A scrape, aka "Tracker Scrape", is a request sent to a tracker. A request is sent, connection to the tracker is established, information is exchanged, then the connection is closed. A scrape is what every BitTorrent client (such as Azureus) does, to any tracker that is hosting a .torrent which is loaded into the client. The request does something like a "wipe" or a "pass" over the tracker, and then the tracker sends information back to the client.

Please note that some trackers don't respond to scrape requests, but you will still be able to download the torrent. The returned information can contain such information as, whether the tracker is OK or offline, the reason it is offline (unknown host exception, hash missing, etc), the numbers of peers and seeds, etc.

Every BitTorrent client scrapes the tracker many times during the course of a download to update the swarm information. So you can imagine that the tracker is scraped many thousands of times for that torrent alone, even if the swarm is not very big. The tracker can usually handle this number of requests. However, if there are more requests than strictly necessary, this can destabilize the tracker and put it offline.

Why Scrape?[edit]

While a torrent is incomplete, Azureus scrapes in order to determine whether or not to send an announcement requesting more peers. Sending a list of peers is usually more bandwidth-consuming than sending a scrape result.

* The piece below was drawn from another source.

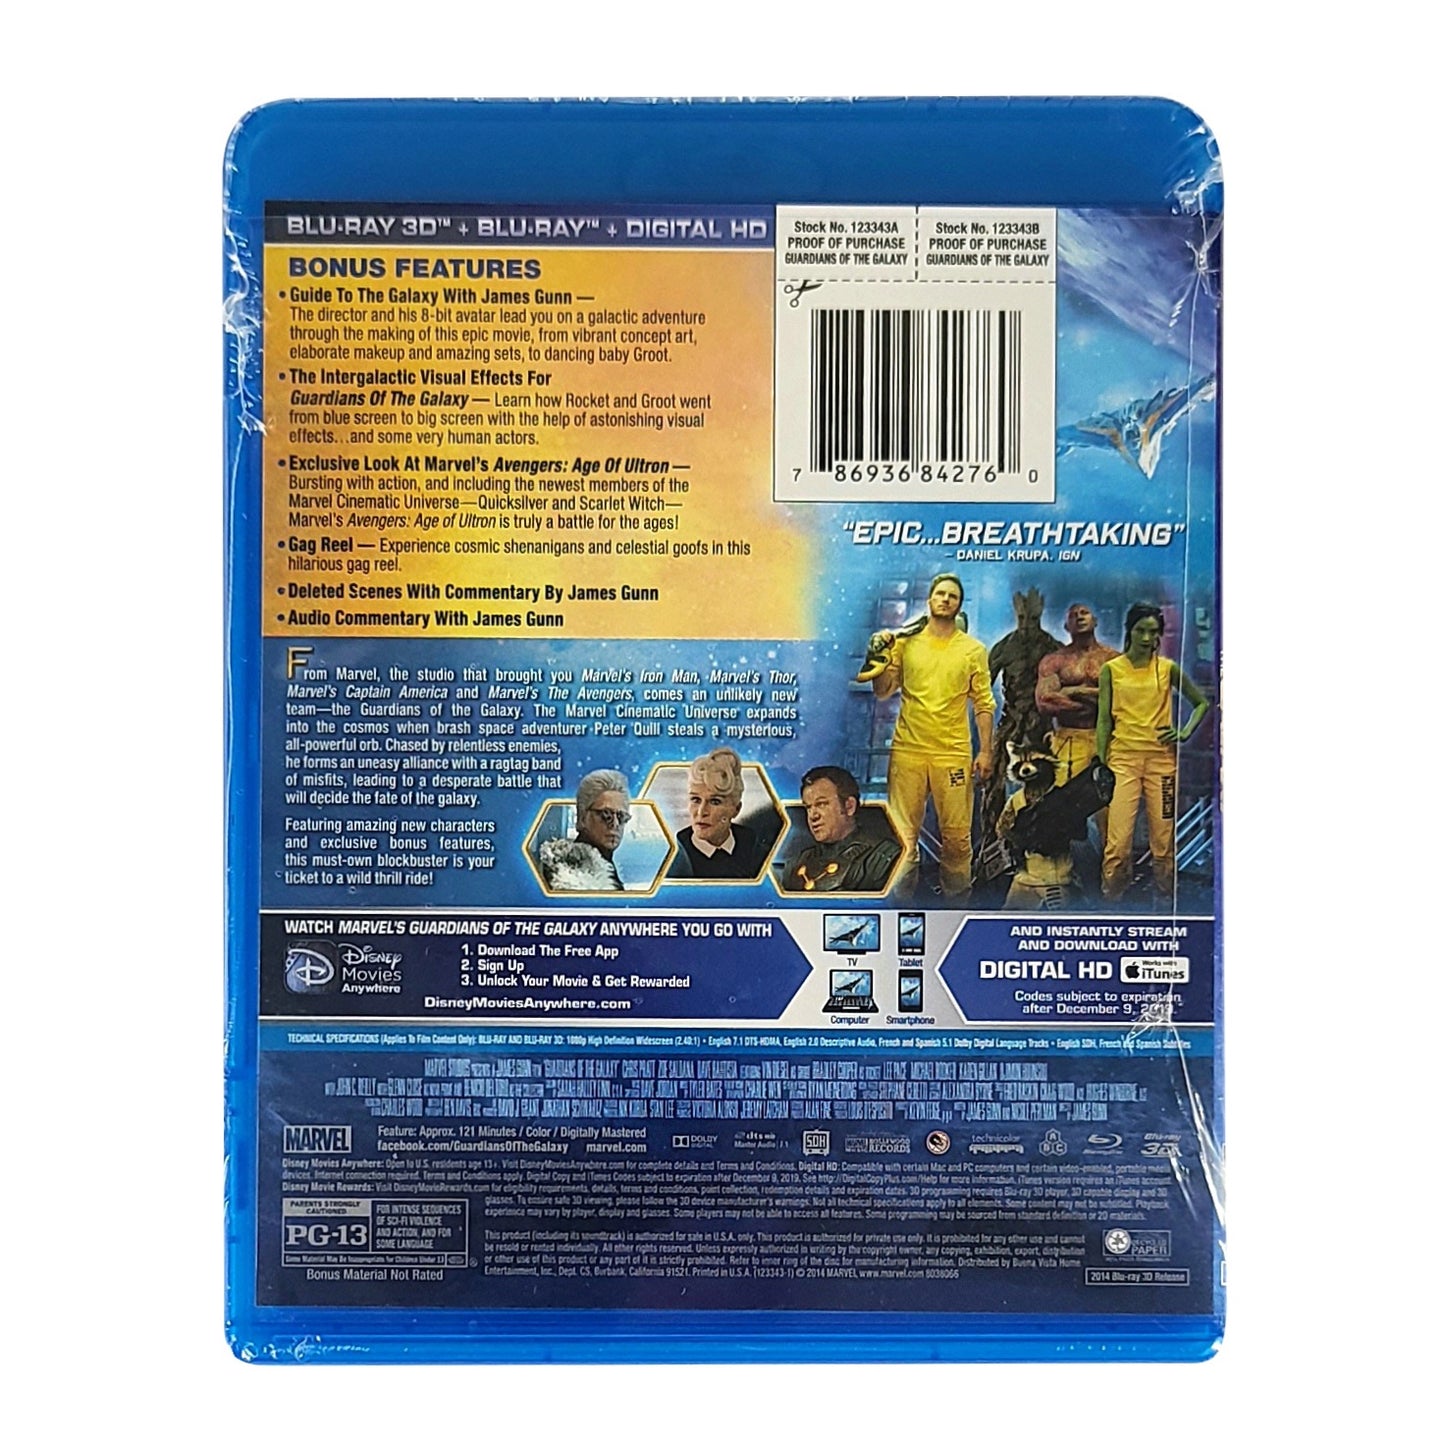 'Guardians Of The Galaxy' Blu-ray

When a torrent is complete, Azureus periodically scrapes in order to determine which torrents are the neediest. Without scraping, Azureus would never know which torrents have no seeds and require assistance.

Scrape Intervals[edit]

Azureus calculates the interval to scrape based on:

  • min_request_interval flag sent by the tracker
  • # of clients known to be seeding

Azureus will never knowingly scrape a tracker more than once every 15 minutes. (It could unknowingly scrape more often if the user restarts Azureus more than once within 15 minutes). If min_request_interval is specified, it won't scrape for the torrents returned until the time specified.

Azureus will scrape at least once every 3 hours. Even on torrents with a large number of clients, the dynamics can change dramatically in 3 hours. For example, a new torrent may have thousands of clients, but within 3 hours all of those clients could finish downloading and leave, leaving the torrent with a poor seed:peer ratio.

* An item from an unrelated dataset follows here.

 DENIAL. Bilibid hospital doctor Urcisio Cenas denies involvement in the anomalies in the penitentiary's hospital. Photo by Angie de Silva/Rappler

Tracker Scrape Convention[edit]

Aside from convention described at the Bittorrent Specification Wiki, Azureus supports additional unofficial specs. These specs are used on a variety of trackers and are considered de-facto standards.

Scraping[edit]

Scraping is the act of sending a scrape request to the tracker.

Multi-Hash Requests[edit]

The scrape convention specifies that passing a info_hash as an URL parameter limits the scrape results to only providing information from that hash. When Azureus has multiple torrents from a single tracker, it will send multiple info_hash parameters on it's URL query string, hoping that the tracker will send back information on each hash.

Scrape Results[edit]

Azureus supports the following dictionary/keys.

files
  infohash
    complete
    incomplete
    downloaded
    name
failure reason
flags
  min_request_interval

Non-official keys are optional and are explained below.

failure reason[edit]

Similar to the failure reason returned in an announce result. The value is a human readable error string as to why the scrape failed.

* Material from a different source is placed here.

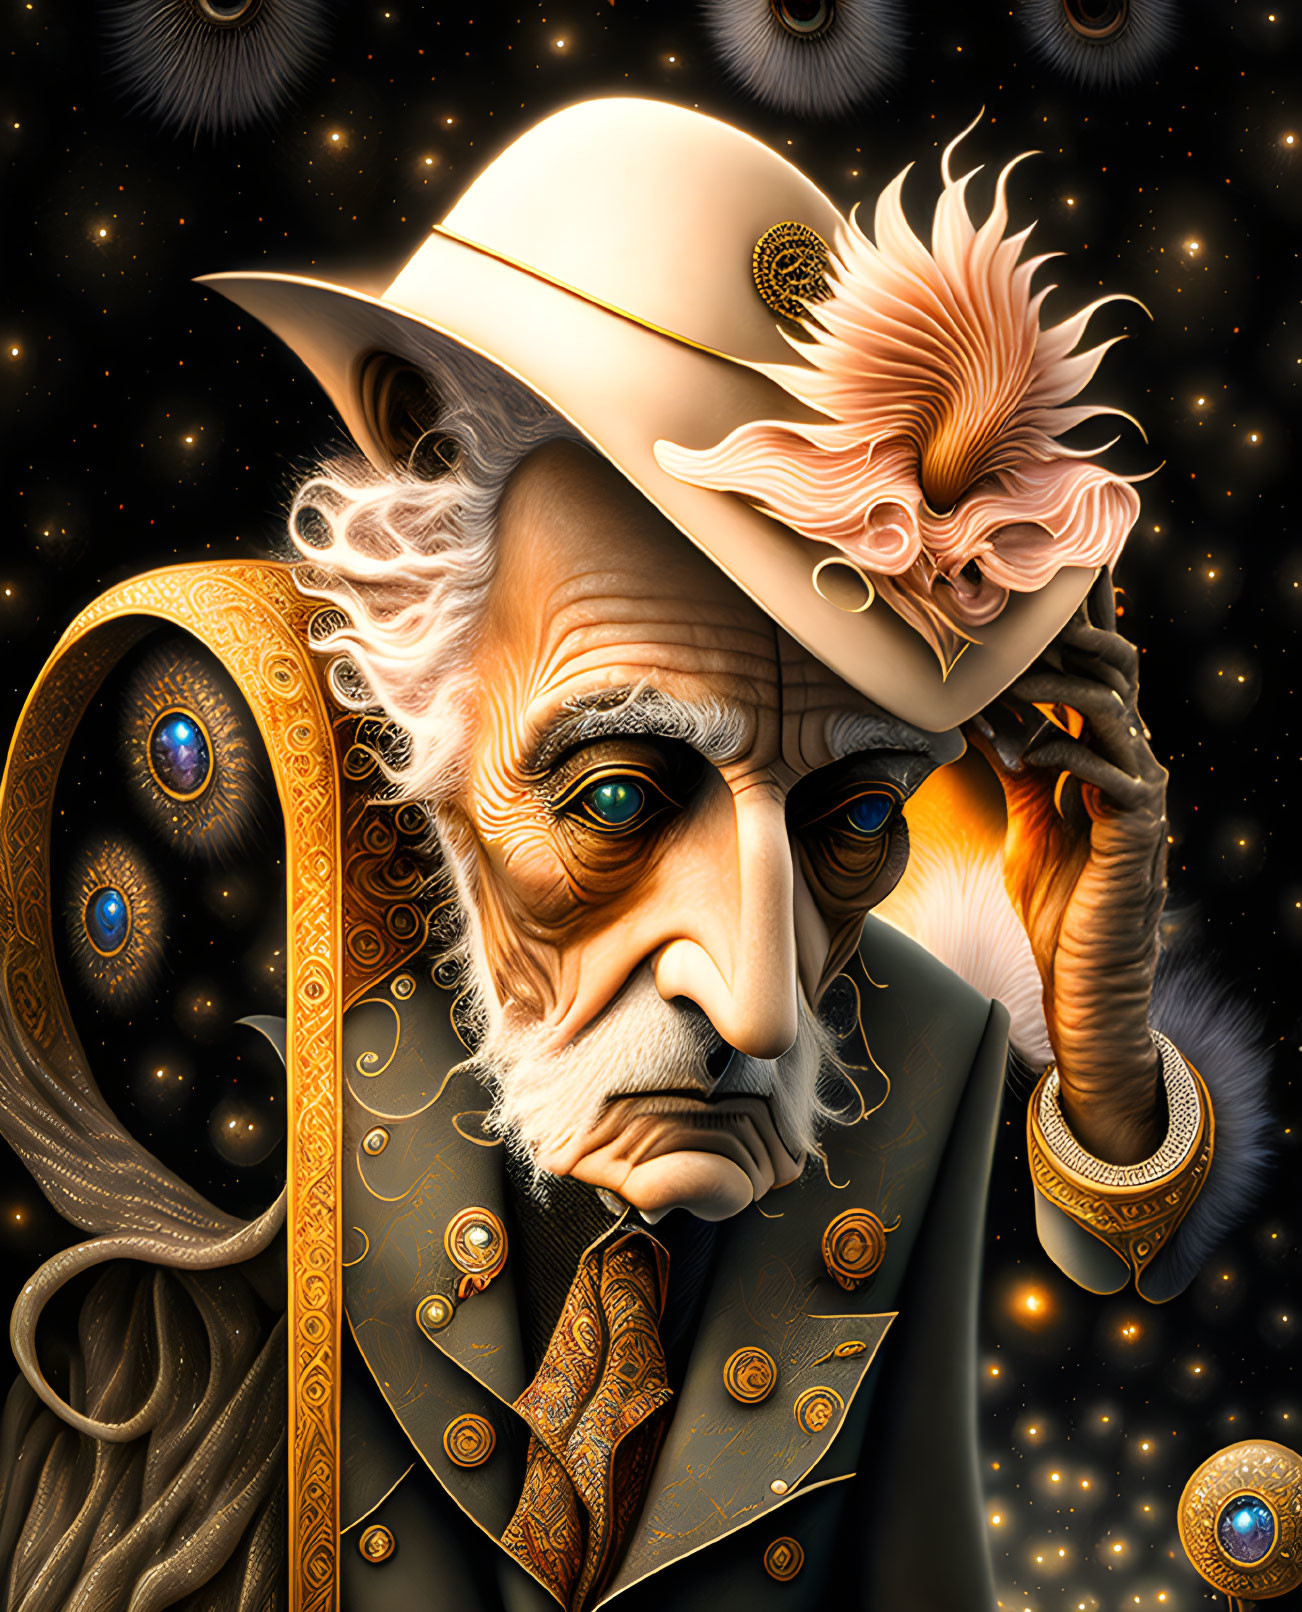 Illustration of older man with cosmic features and time motifs wearing hat

min_request_interval[edit]

The value for this key is an integer specifying how the minimum number of seconds for Azureus to wait before scraping the tracker again.

Please note the flags is a dictionary key of the main dictionary, and its value is a dictionary. Inside the dictionary, is a key/value pair for min_request_interval.

Examples[edit]

Note: New lines in the request/results are not part of request/result. They exist only to help with formatting in the wiki.

Single Request[edit]

Request:

http://tracker/scrape?hash_id=xxxxxxxxxxxxxxxxxxxx

Reply:

d5:filesd20:xxxxxxxxxxxxxxxxxxxxd8:completei2e10:downloadedi0e10:incompletei4e
4:name12:xxxxxxxxxxxxee5:flagsd20:min_request_intervali3600eee

This tells us that torrent with hash 'xxxxxxxxxxxxxxxxxxxx' has 2 seeders, and 4 leechers. The torrent has been downloaded 0 times, and its name is xxxxxxxxxxxx. A scrape will not occur until at least 3600 seconds, or 60 minutes.

Multi Request[edit]

Request:

http://tracker/scrape?info_hash=xxxxxxxxxxxxxxxxxxxx&info_hash=
yyyyyyyyyyyyyyyyyyyy&info_hash=zzzzzzzzzzzzzzzzzzzz

Reply:

d5:filesd20:xxxxxxxxxxxxxxxxxxxxd8:completei19e10:downloadedi23896e
10:incompletei21e4:name6:Name Xe20:yyyyyyyyyyyyyyyyyyyyd8:completei23e
10:downloadedi24026e10:incompletei21e4:name6:Name Ye20:zzzzzzzzzzzzzzzzzzzz
d8:completei15e10:downloadedi26171e10:incompletei23e4:name6:Name Zee5:flags
d20:min_request_intervali18000eee